▶ **Material to process**
· · · · · · ·
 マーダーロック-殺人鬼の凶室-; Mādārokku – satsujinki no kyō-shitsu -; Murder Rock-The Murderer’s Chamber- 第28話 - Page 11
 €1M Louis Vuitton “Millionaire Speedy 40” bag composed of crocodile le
· · · · · · ·
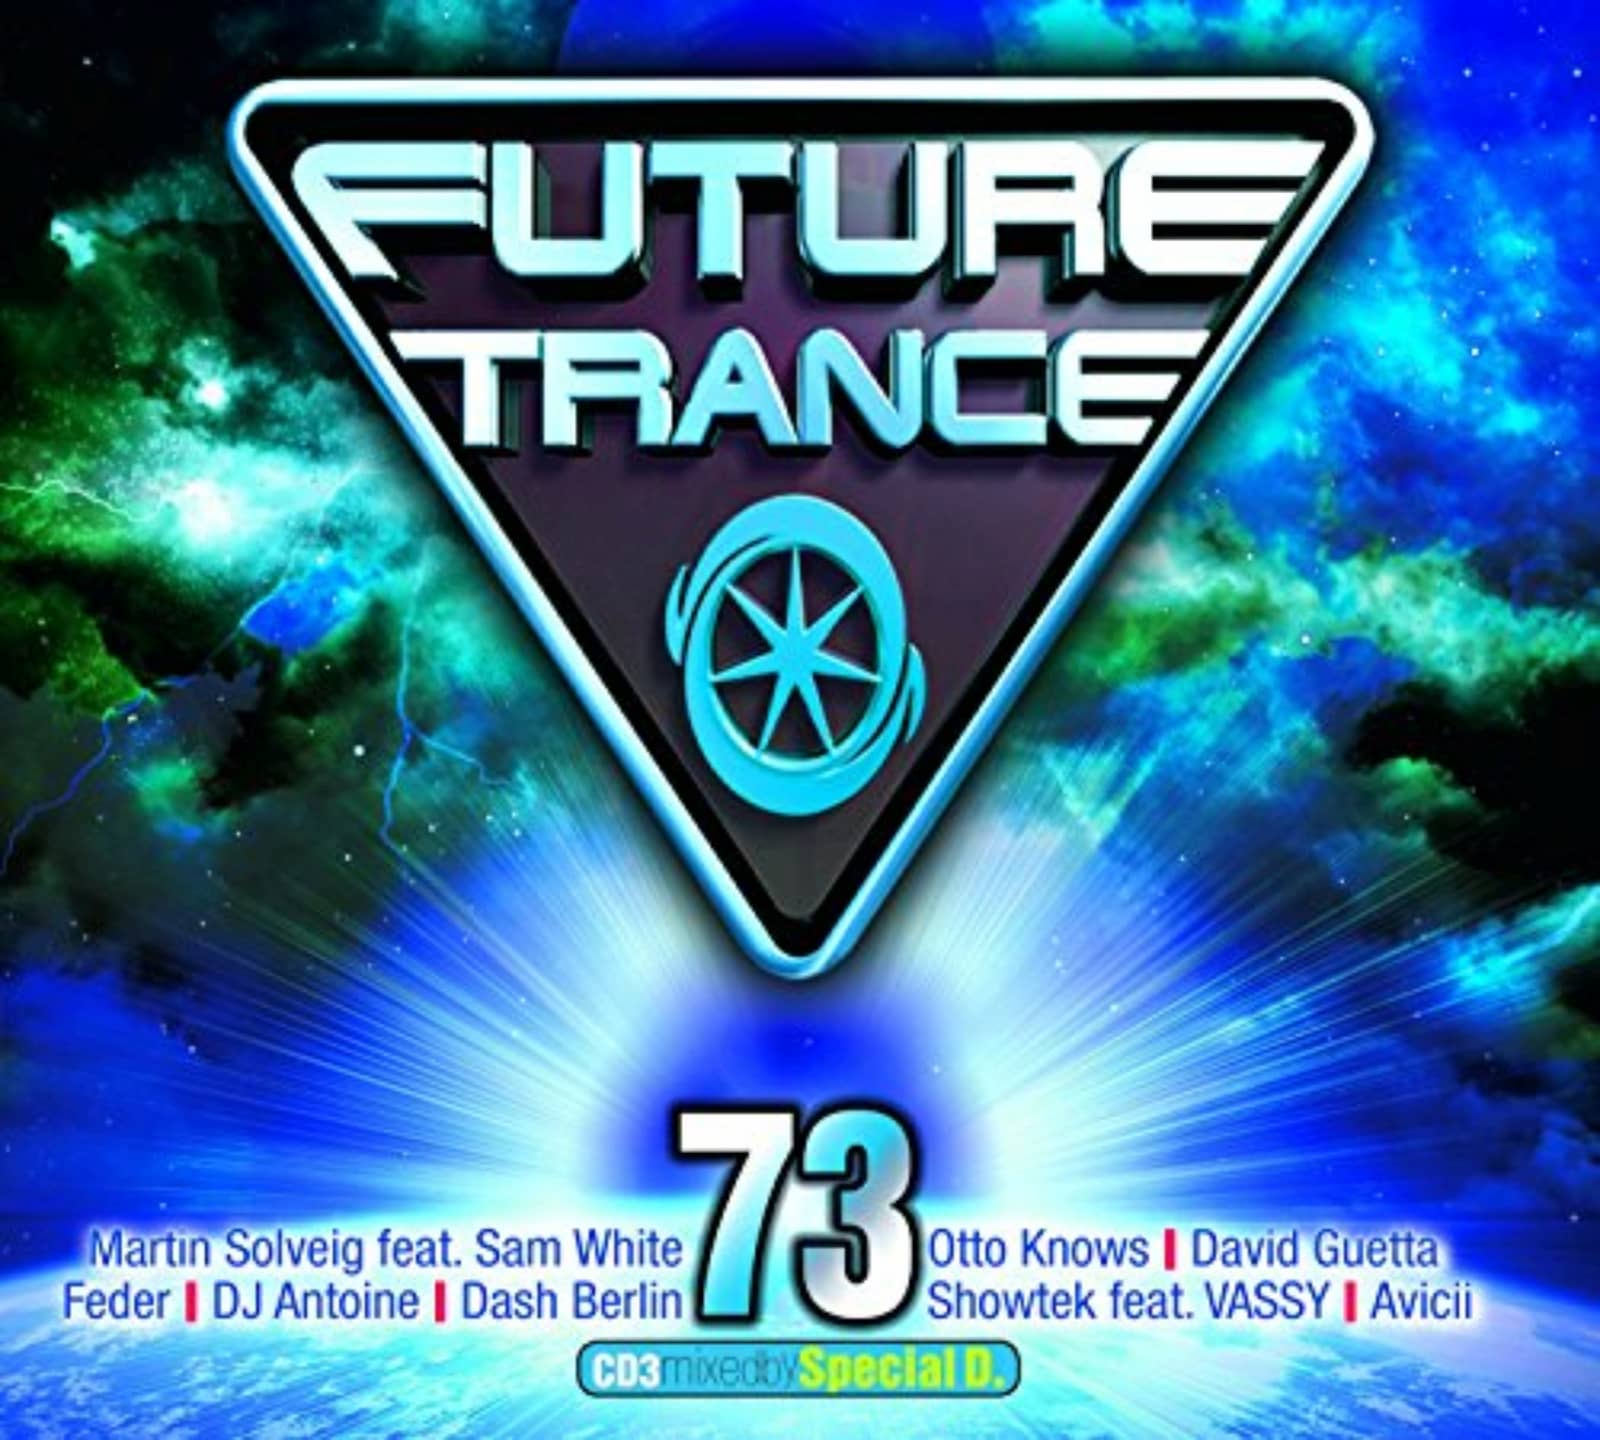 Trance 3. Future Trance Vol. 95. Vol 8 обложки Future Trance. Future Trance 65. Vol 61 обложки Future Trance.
· · · · · · ·
In the listing above, locate the line containing "マーダーロック-殺人鬼の凶室-; Mādārokku –" and the line containing "of crocodile le". Transcribe those two lines and everything between them, exactly as written.

 マーダーロック-殺人鬼の凶室-; Mādārokku – satsujinki no kyō-shitsu -; Murder Rock-The Murderer’s Chamber- 第28話 - Page 11
 €1M Louis Vuitton “Millionaire Speedy 40” bag composed of crocodile le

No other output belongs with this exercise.